[Records drawn from a dataset]
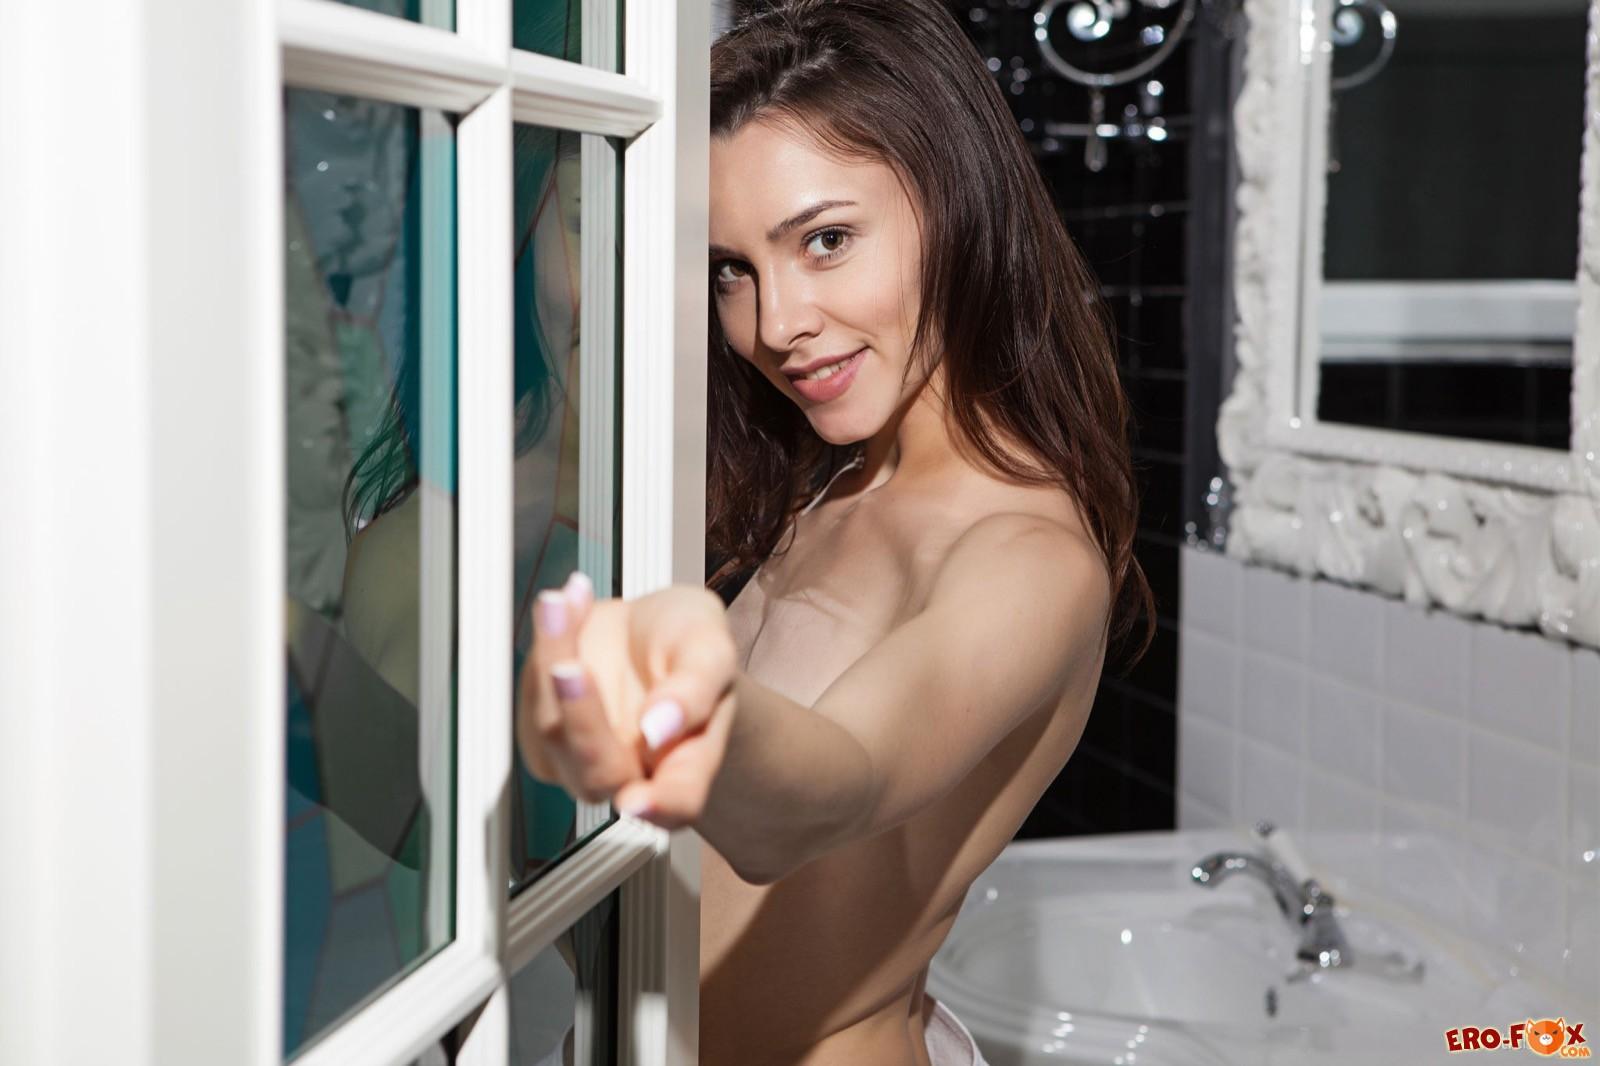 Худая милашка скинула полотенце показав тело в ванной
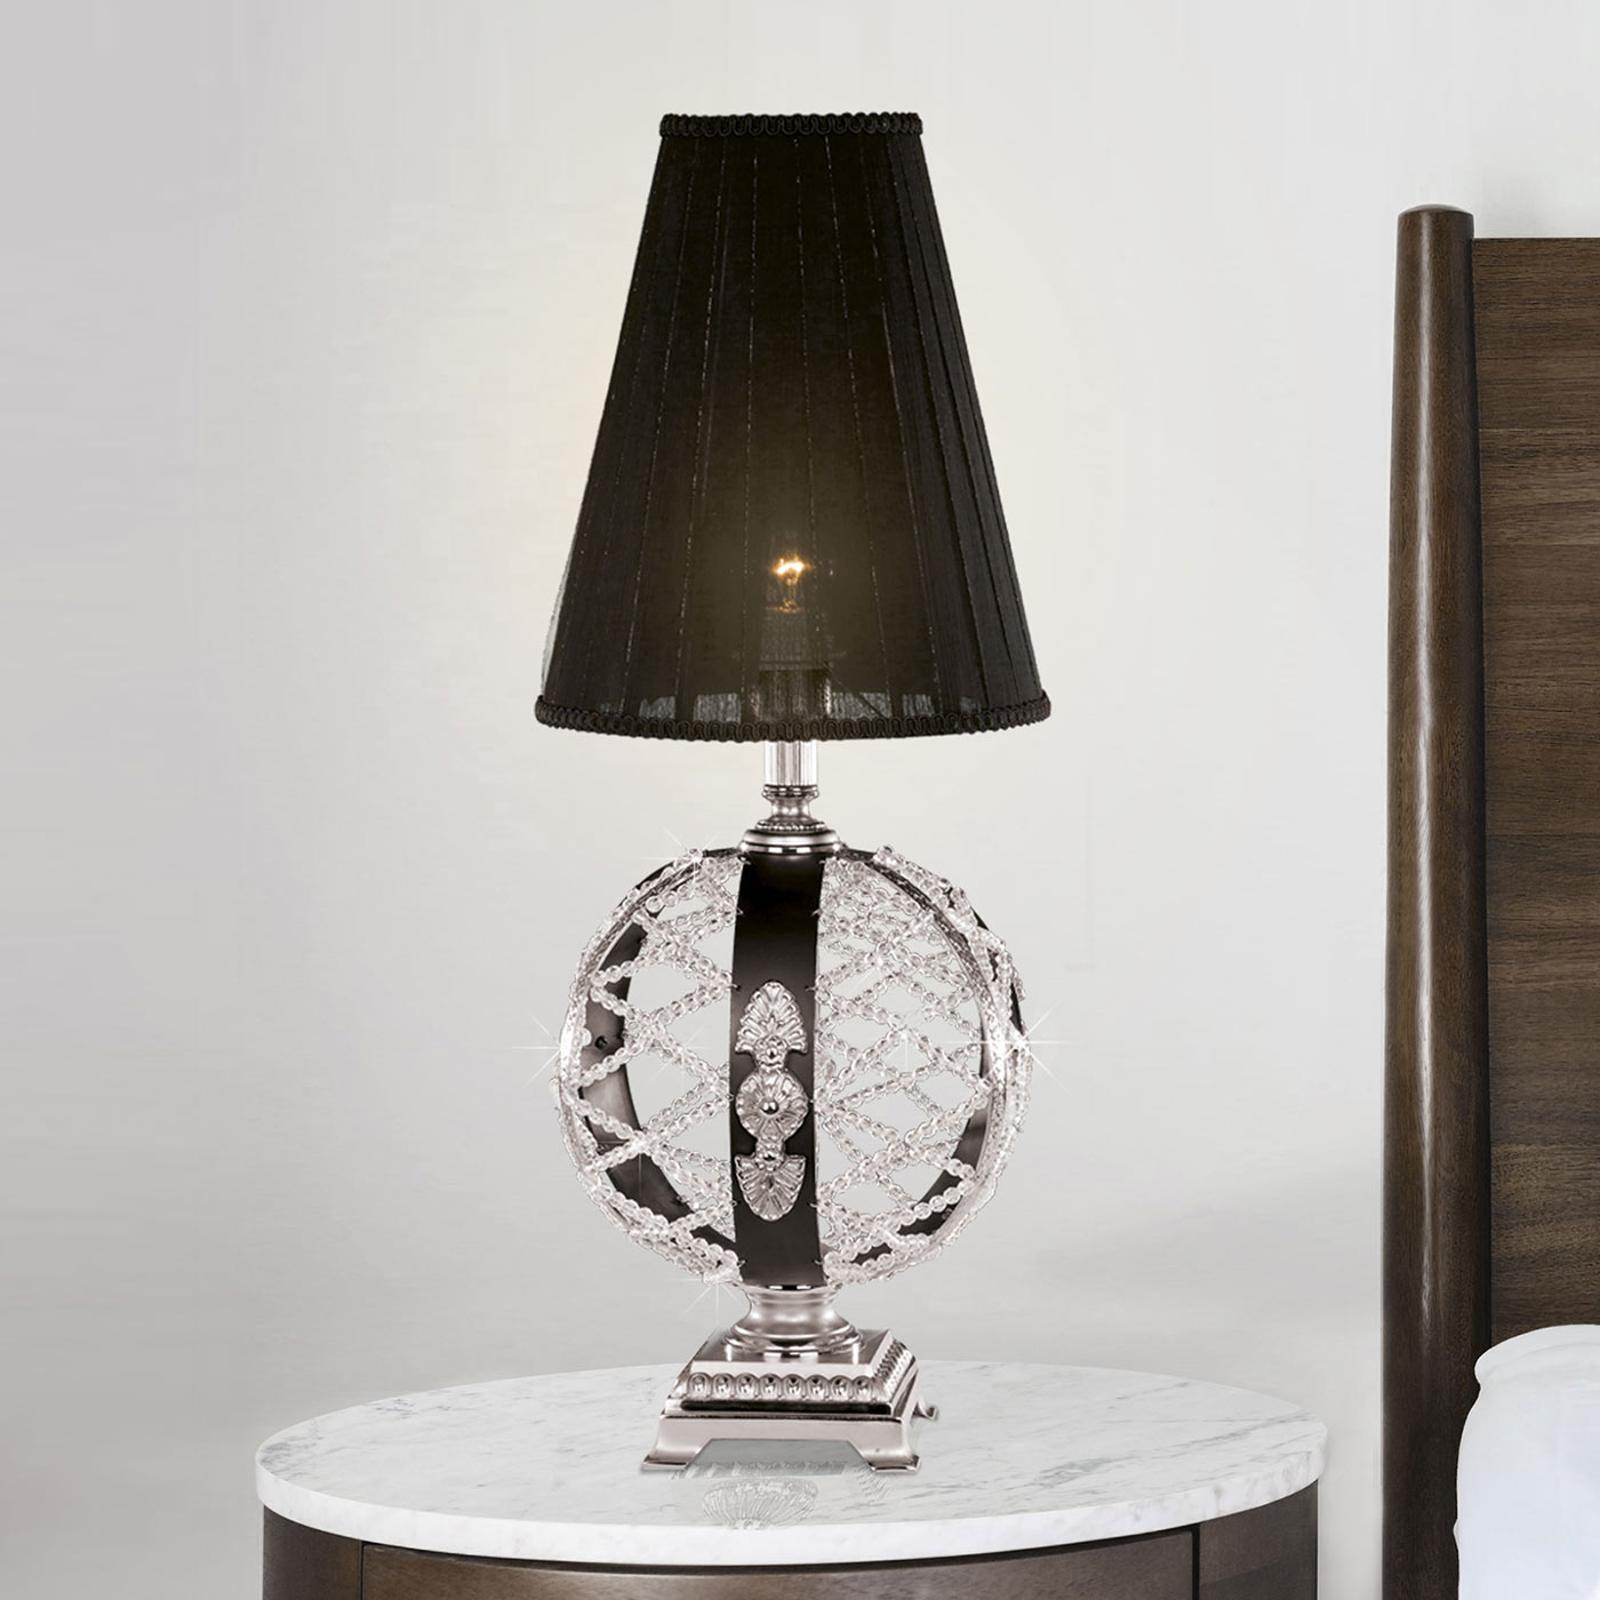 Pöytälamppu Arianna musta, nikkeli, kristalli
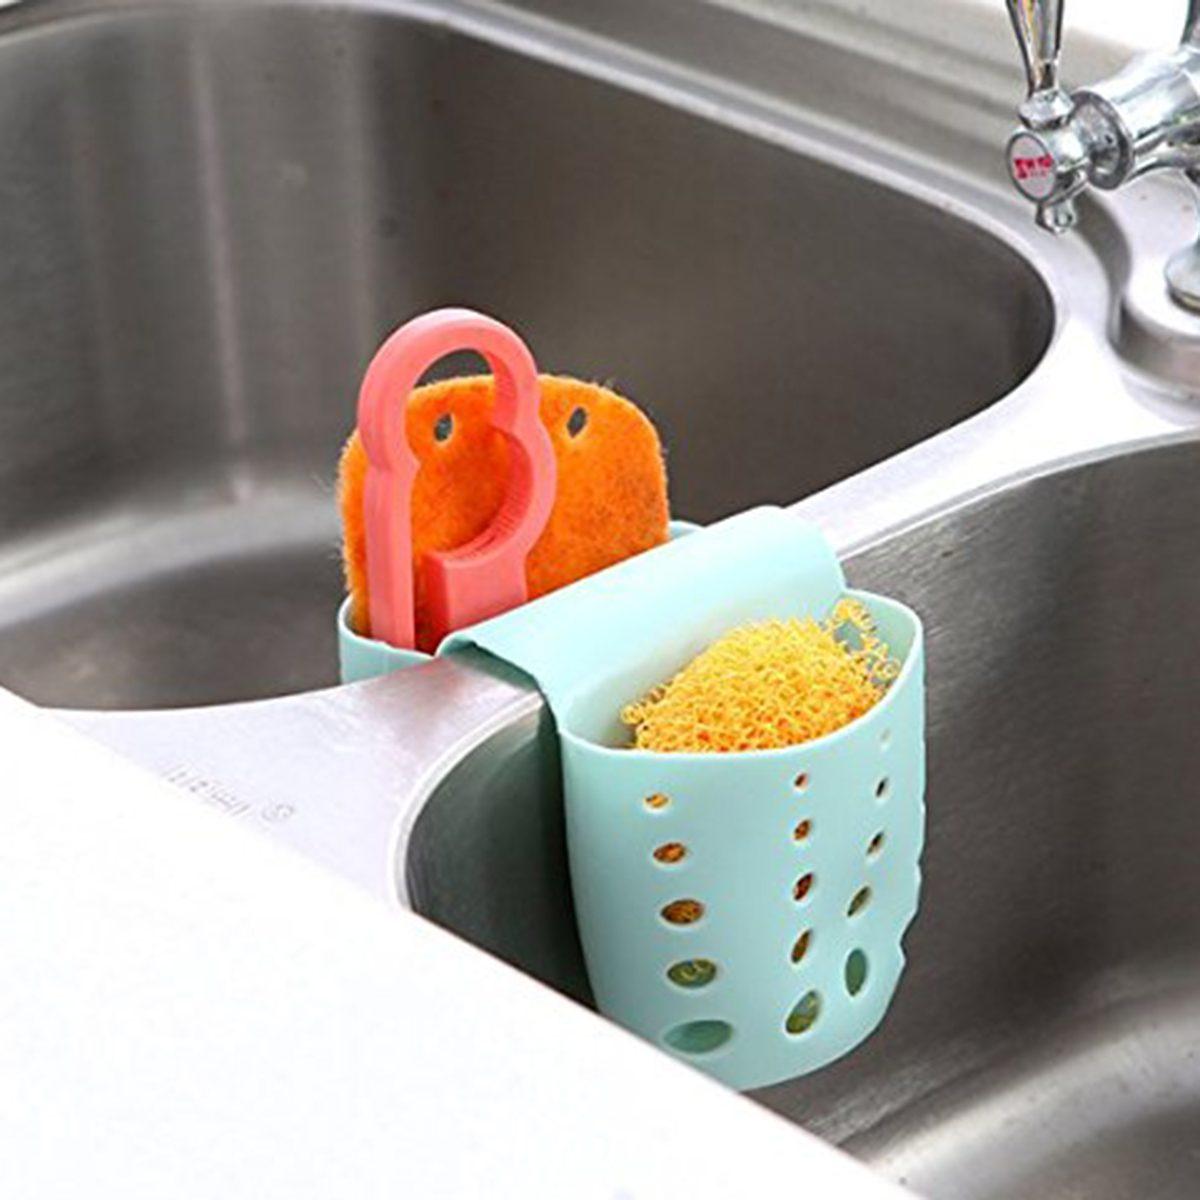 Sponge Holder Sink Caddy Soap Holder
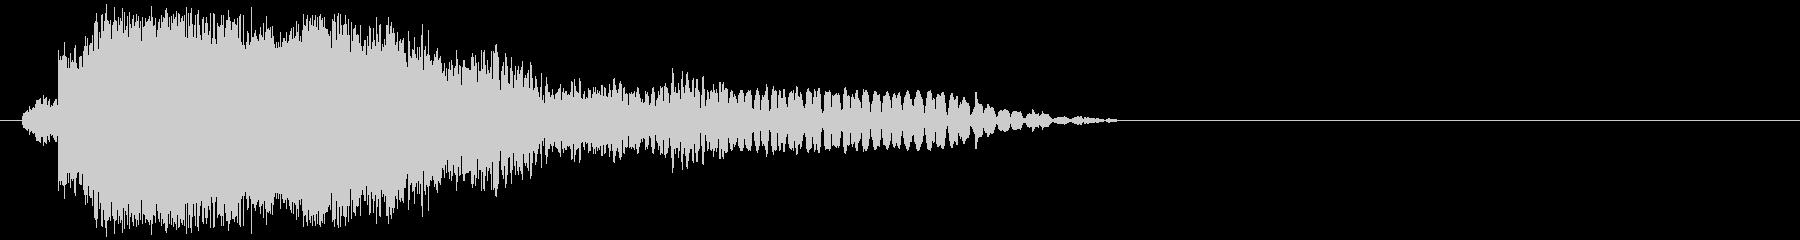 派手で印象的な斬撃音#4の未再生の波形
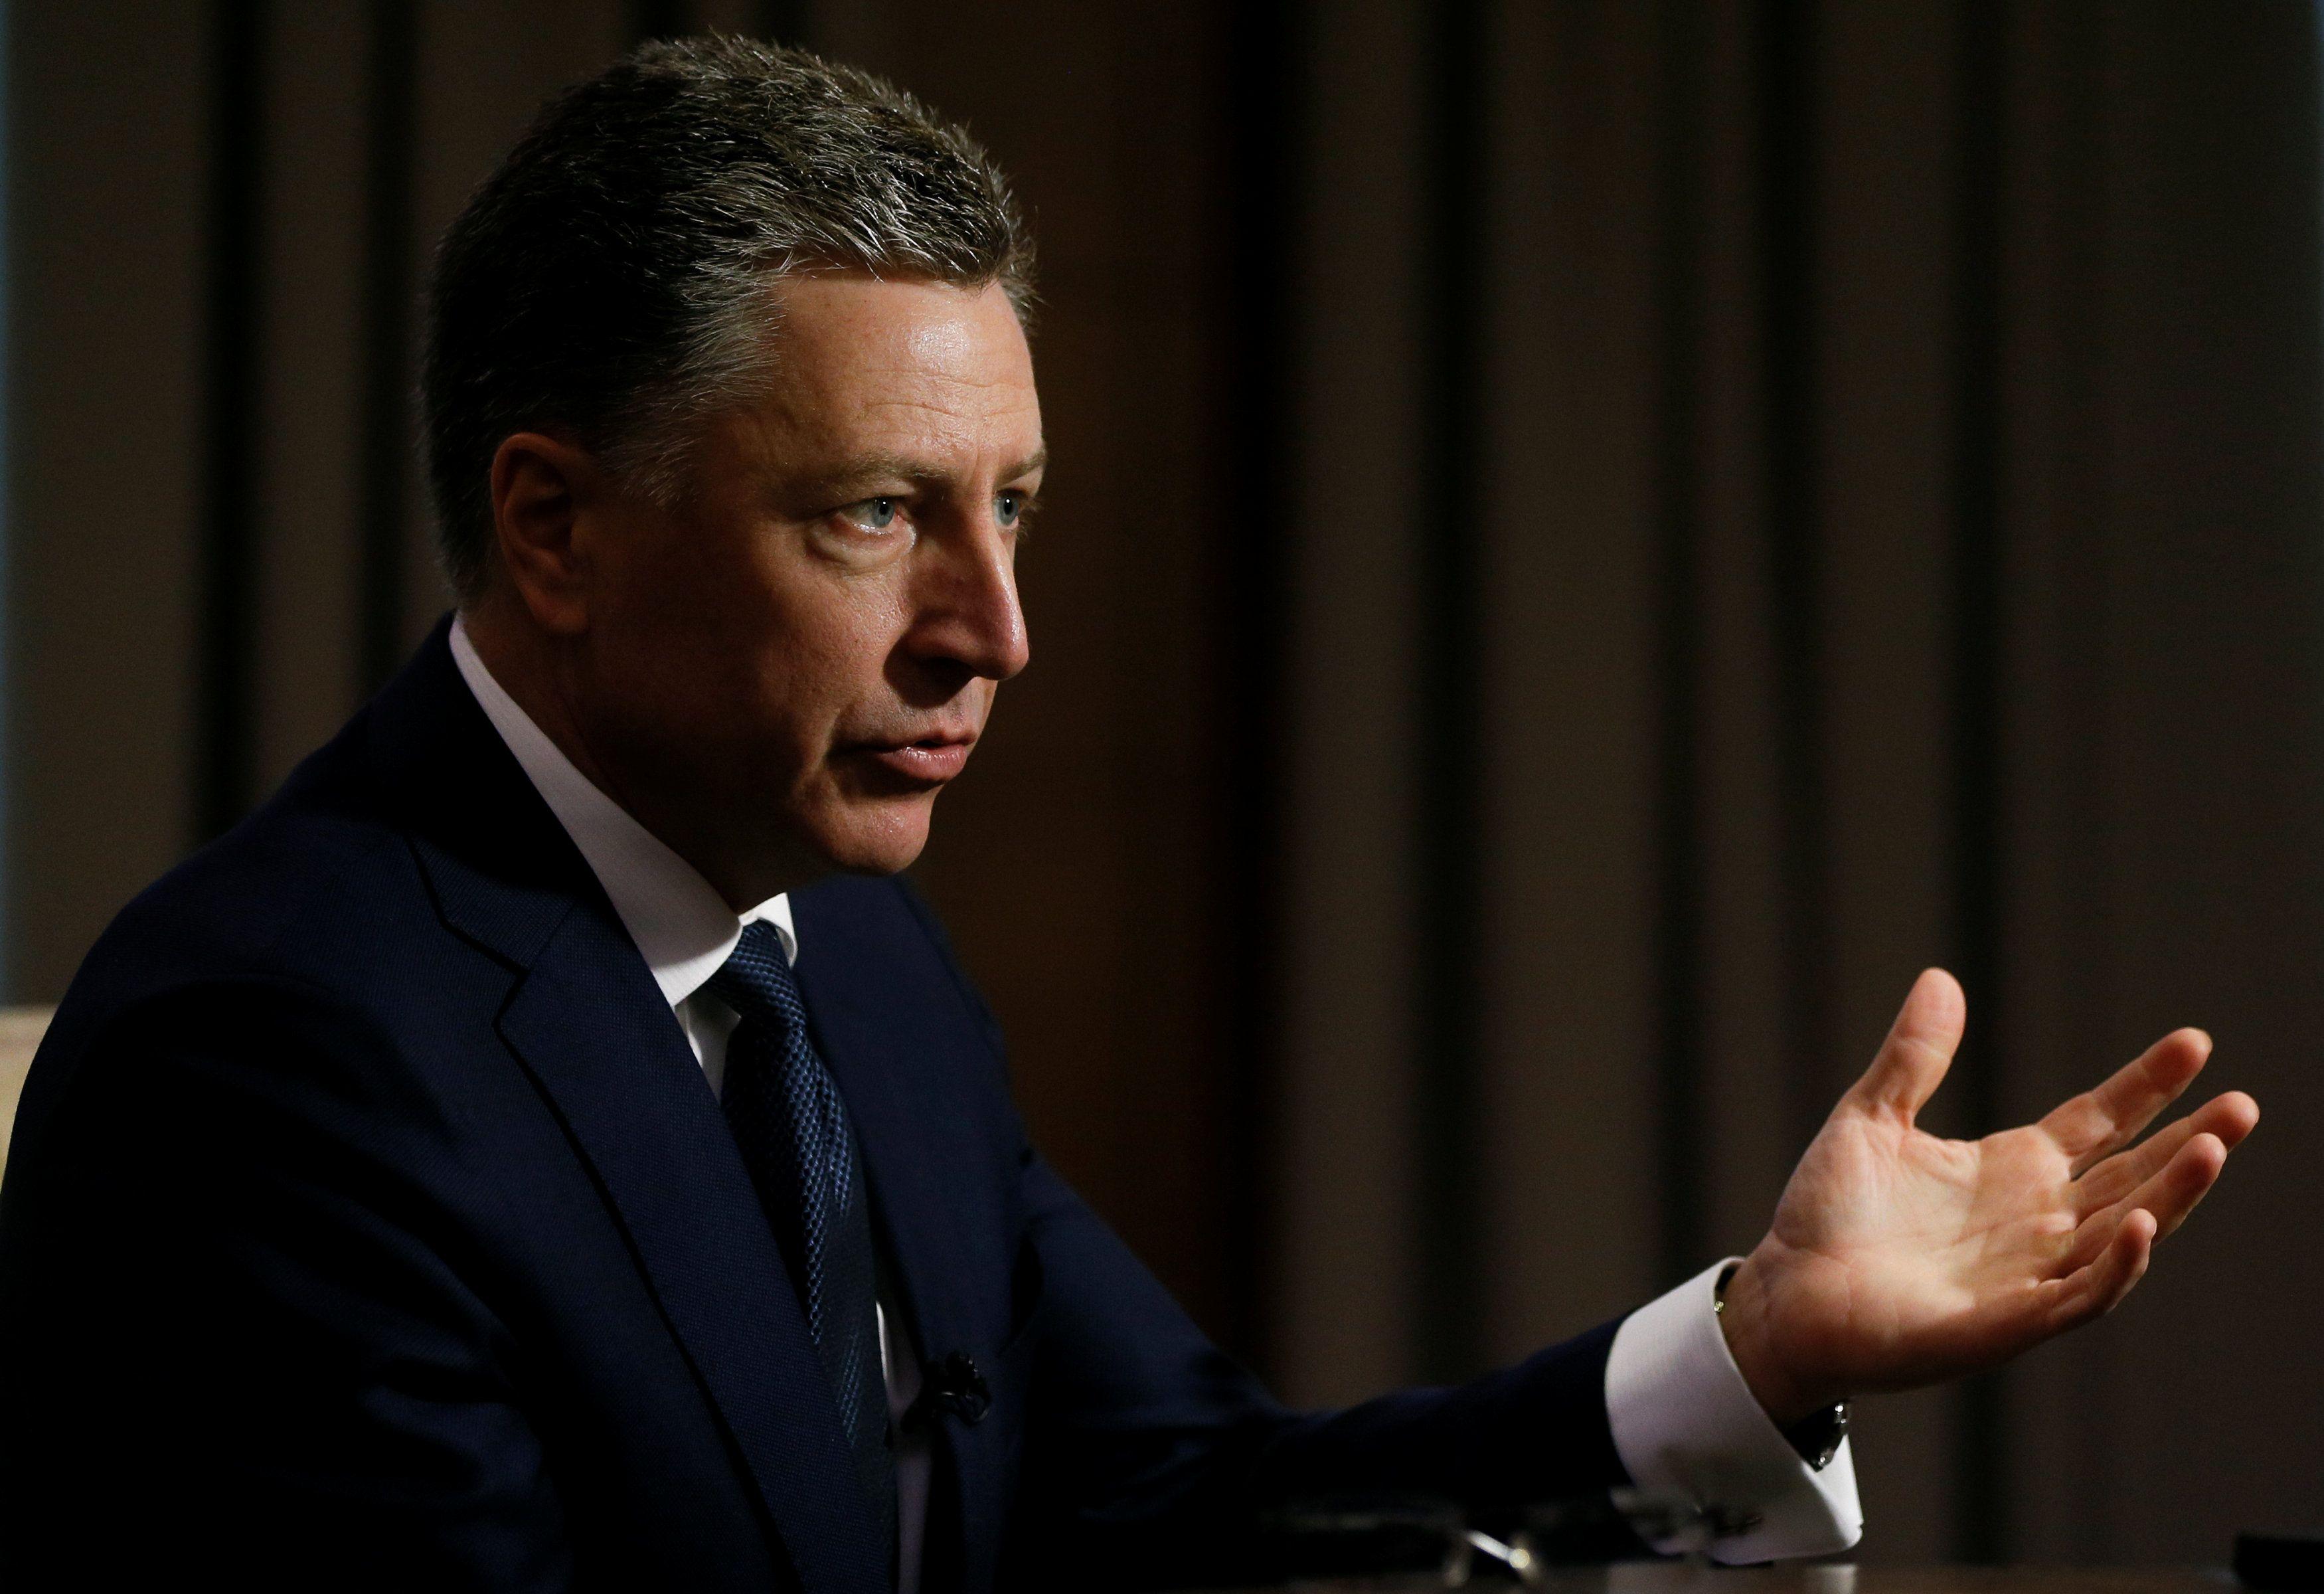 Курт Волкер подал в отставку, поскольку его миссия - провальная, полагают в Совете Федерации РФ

▸ WHAT NEEDS TO BE DONE
Restate the records above verbatim. Pictures stay out.

▸ RESULT OF THIS EXERCISE
 Худая милашка скинула полотенце показав тело в ванной
 Pöytälamppu Arianna musta, nikkeli, kristalli
 Sponge Holder Sink Caddy Soap Holder
 派手で印象的な斬撃音#4の未再生の波形
 Курт Волкер подал в отставку, поскольку его миссия - провальная, полагают в Совете Федерации РФ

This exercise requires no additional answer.